去美國看病 基因序列重疊通過比較獲得

隨著人類基因組學研究過渡到新一代，我們識別與復雜性狀相關的遺傳變異，和疾病的能力將大幅提升，這在很大程度上是由于基因分型陣列技術、預期的改善和測序成本降低所致。去美國看病服務機構愛諾美康介紹到，多種平臺SNP，初是通過對來自多個克隆的攜帶基因組的DNA克隆序列重疊，比較而得到的。鳥槍測序法和Sanger測序法，隨即成為檢測更大人群SNP，以確定其等位基因頻率的常用方法。

NGS時代的到來，人類大部分的SNP已通過測序，并且對來自不同人群的基因組DNA，進行校準被檢測了出來，并提交給各種數據庫。去美國看病后，這些SNP可進一步對不同人群或疾病情況進行基因分型，從而回答某一個具體的研究問題。對SNP分析的長度和數量，決定了基因分型的方法及其下游的統計學分析。

SNP的分型方法可以根據每個反應和樣品，所能檢測到的SNP數量分為低、中、高通量技術。這些方法的組合，已進一步成功應用于分析大規模的SNP。去美國看病后低通量測序方法SNP基因分型分析，是一種具有悠久歷史的經典分析方法。其分析方法有許多種，如基于聚合酶鏈式反應（PCR）的方法、基于酶催化的方法和其他方法。

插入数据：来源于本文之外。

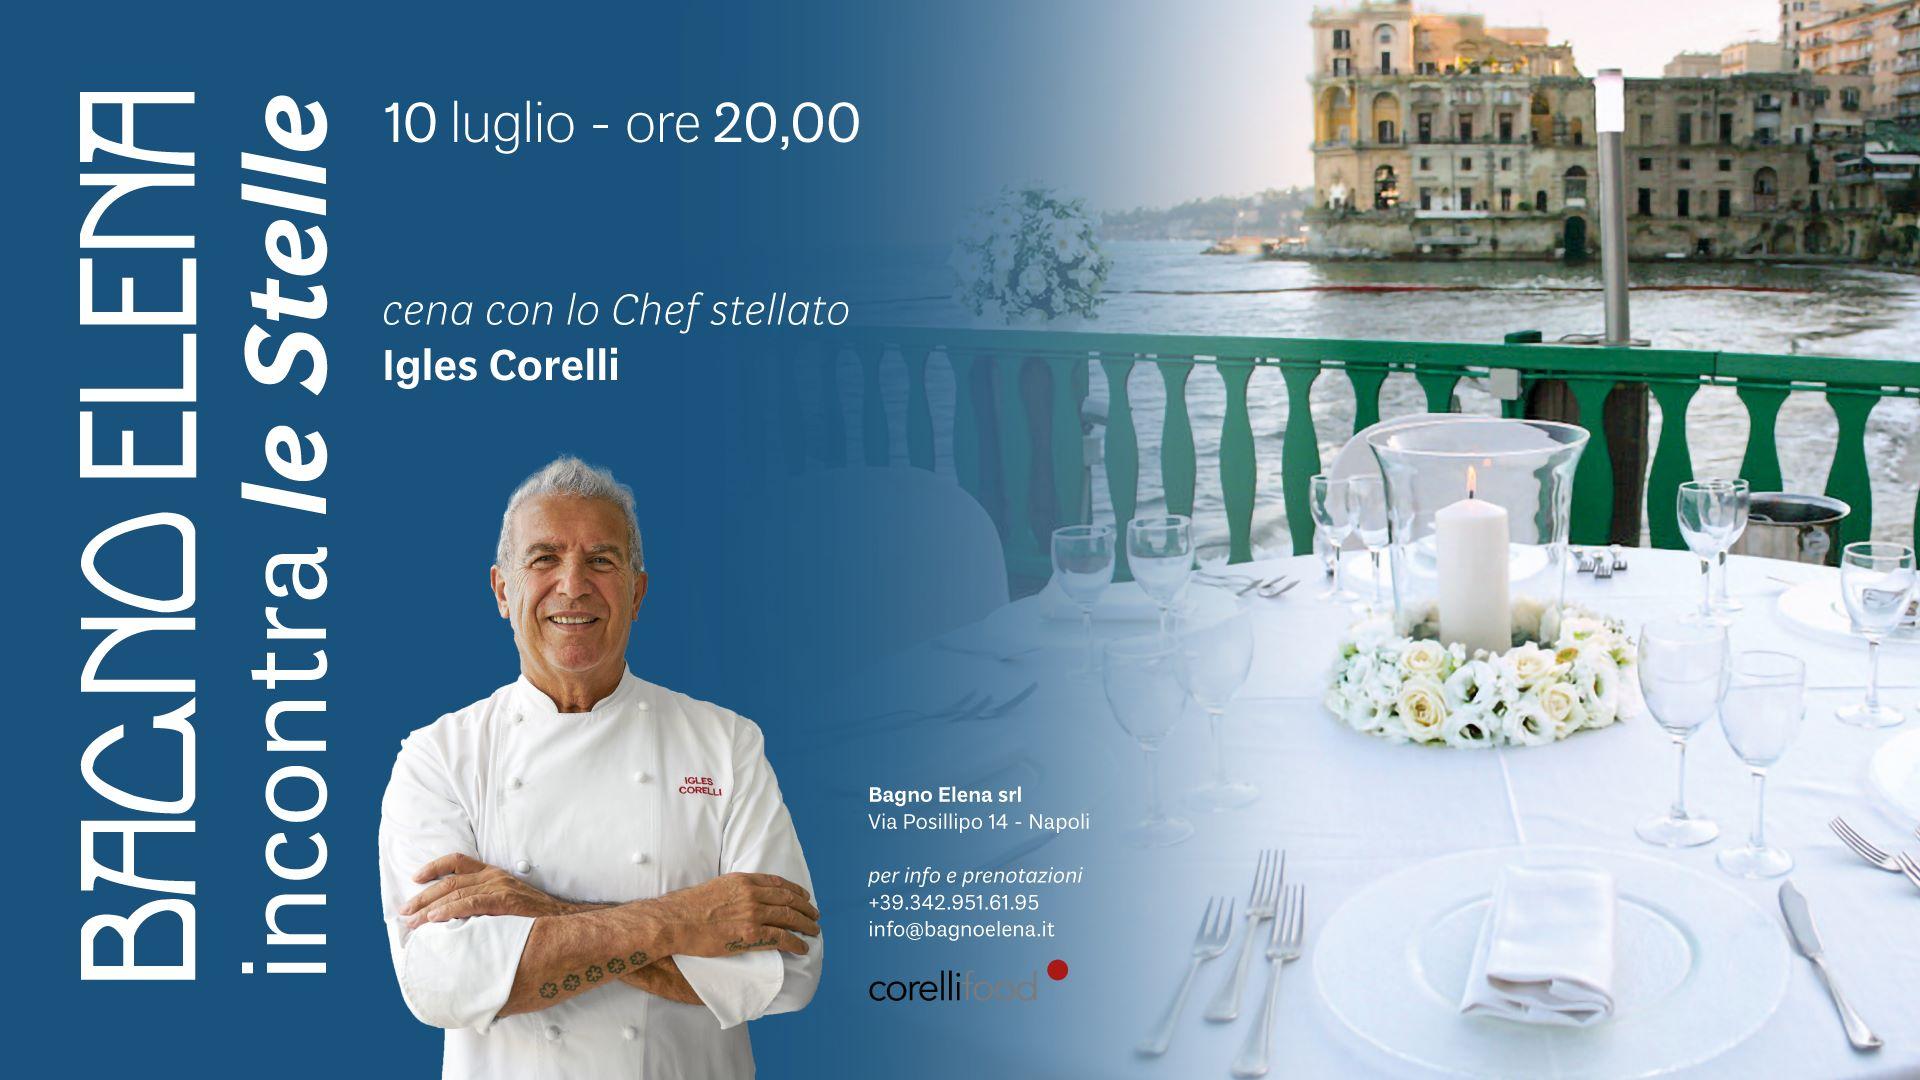 BAGNO ELENA Chef Igles Corelli

去美國看病服務機構愛諾美康介紹到，盡管這些技術被認為是傳統的方法而較少使用，但對于小實驗室進行低通量分型，它們仍然是有價值的，因為他們不需要復雜而昂貴的設備。其中的一些分析方法，限制性片段長度多態性（RFLP），多個不同等位基因狀況下限制性位點改變。

早被用來分析人類基因組多態性，該技術利用不同類別的酶，并通過識別特殊序列和結構來切割DNA。去美國看病服務機構愛諾美康介紹到，DNA樣品被限制性內切酶消化后分離，并轉移到尼龍膜上。然后用一個標記的DNA探針來探測，以確定酶切后片段長度，這一方法稱為Southern印跡。

可以將核酸內切酶片段，通過DNA凝膠電泳進行分離后嵌入染料染色，并用PCR對感興趣的片段進行擴增。去美國看病過程中識別特定的SNP，需要特定核酸內切酶，并且凝膠分析耗時較久，所以在做髙通量分型時RFLP不是一個好的選擇。